THE manager of Harvard Medical School’s morgue sold off body parts to sick customers so they could bind books using human skin.
Cedric Lodge, 58, took heads, faces, brains, skin and hands from cadavers that had been donated to the Harvard Medical School for research in what has been described as a “macabre scheme spanning several years”.
Lodge has now been given an eight year prison sentence.
He took the body parts to his home in Goffstown, New Hampshire, and sold them to a number of individuals across state lines from 2018 to March 2020.
In one bizarre case, Lodge provided skin to a buyer so it could be turned into leather and bound into a book.
Assistant US Attorney Alisan Martin said in a court filing: “In another, Cedric and Denise Lodge sold a man’s face – perhaps to be kept on a shelf, perhaps to be used for something even more disturbing.”
Prosecutors said the crimes were carried out “for the amusement of the disturbing ‘oddities’ community.”
Lodge’s wife Denise has been sentence to one year behind bars for facilitating the sale of stolen organs and body parts.
Lodge had run the morgue at the Harvard Medical School for 28 years before being arrested in 2023.
He stole the body parts once they were no longer needed for research but before they could be returned to the families for cremation.
Prosecutors said in a court filing: “He caused deep emotional harm to an untold number of family members left to wonder about the mistreatment of their loved ones’ bodies.”

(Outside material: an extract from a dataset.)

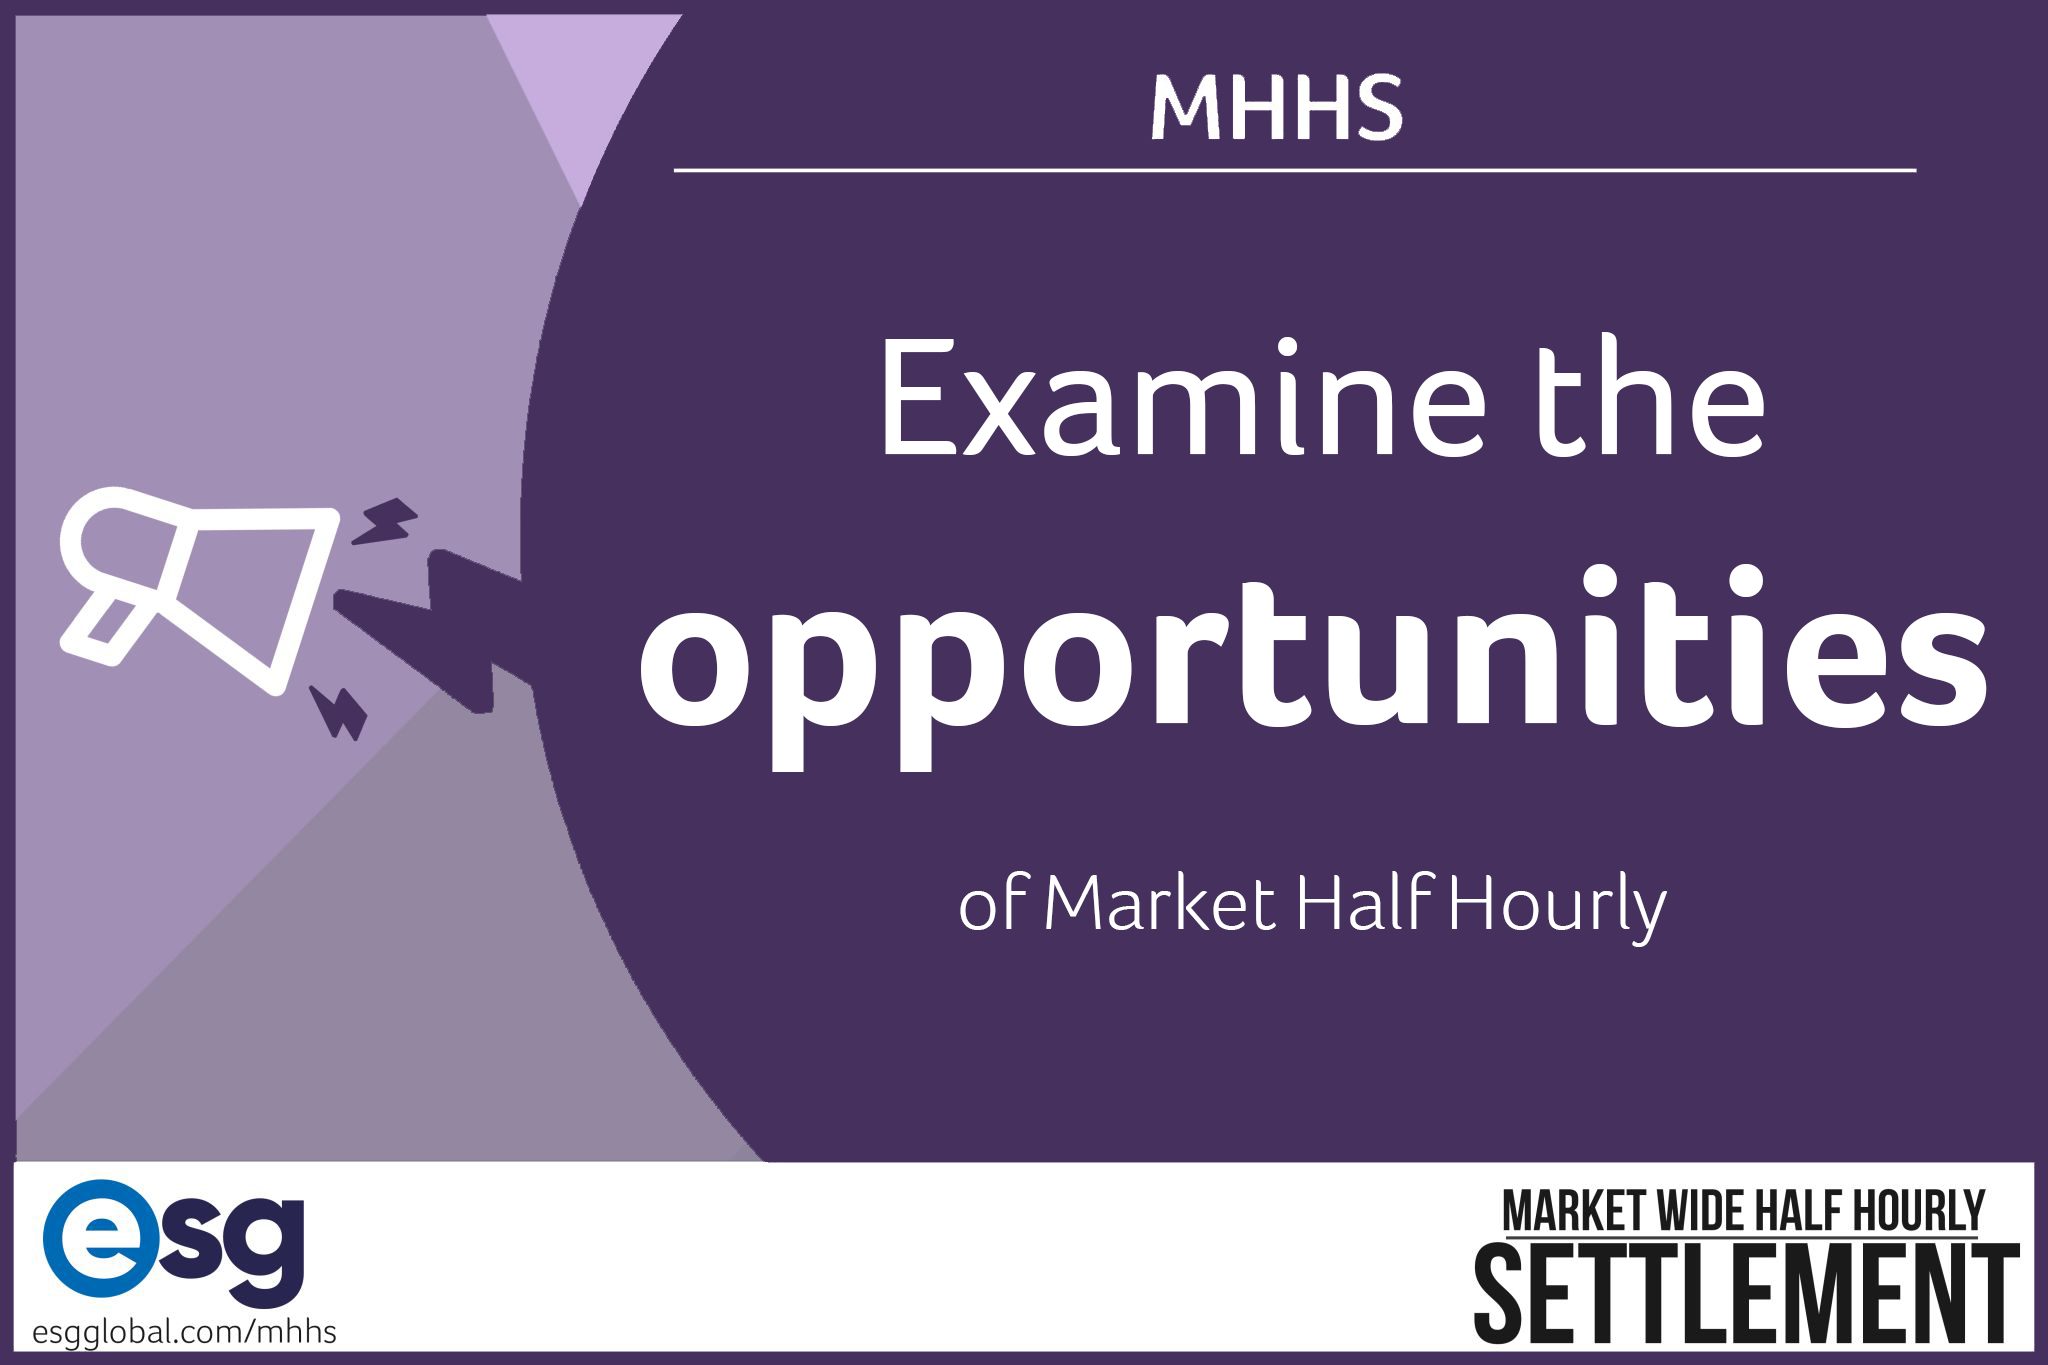 MHHS – Examine the opportunities

Lodge’s lawyer Patrick Casey had asked the judge for leniency, adding his client acknowledge “the harm his actions have inflicted on both the deceased persons whose bodies he callously degraded and their grieving families”.
Lodge had pleaded guilty to transporting stolen goods across state lines in May and was sentenced to eight years in jail on Tuesday.
Harvard Medical School had previously called his actions “abhorrent and inconsistent with the standards and values that Harvard, our anatomical donors, and their loved ones expect and deserve”.
When charges were filed, the university paused donations of bodies for five months in 2023.
At least six others, including an employee at an Arkansas crematorium, have pleaded guilty in the investigation into the trafficking of body parts, prosecutors have said.
A court ruled in October that family members who had donated the bodies of loved ones for medical research could sue Harvard Medical School.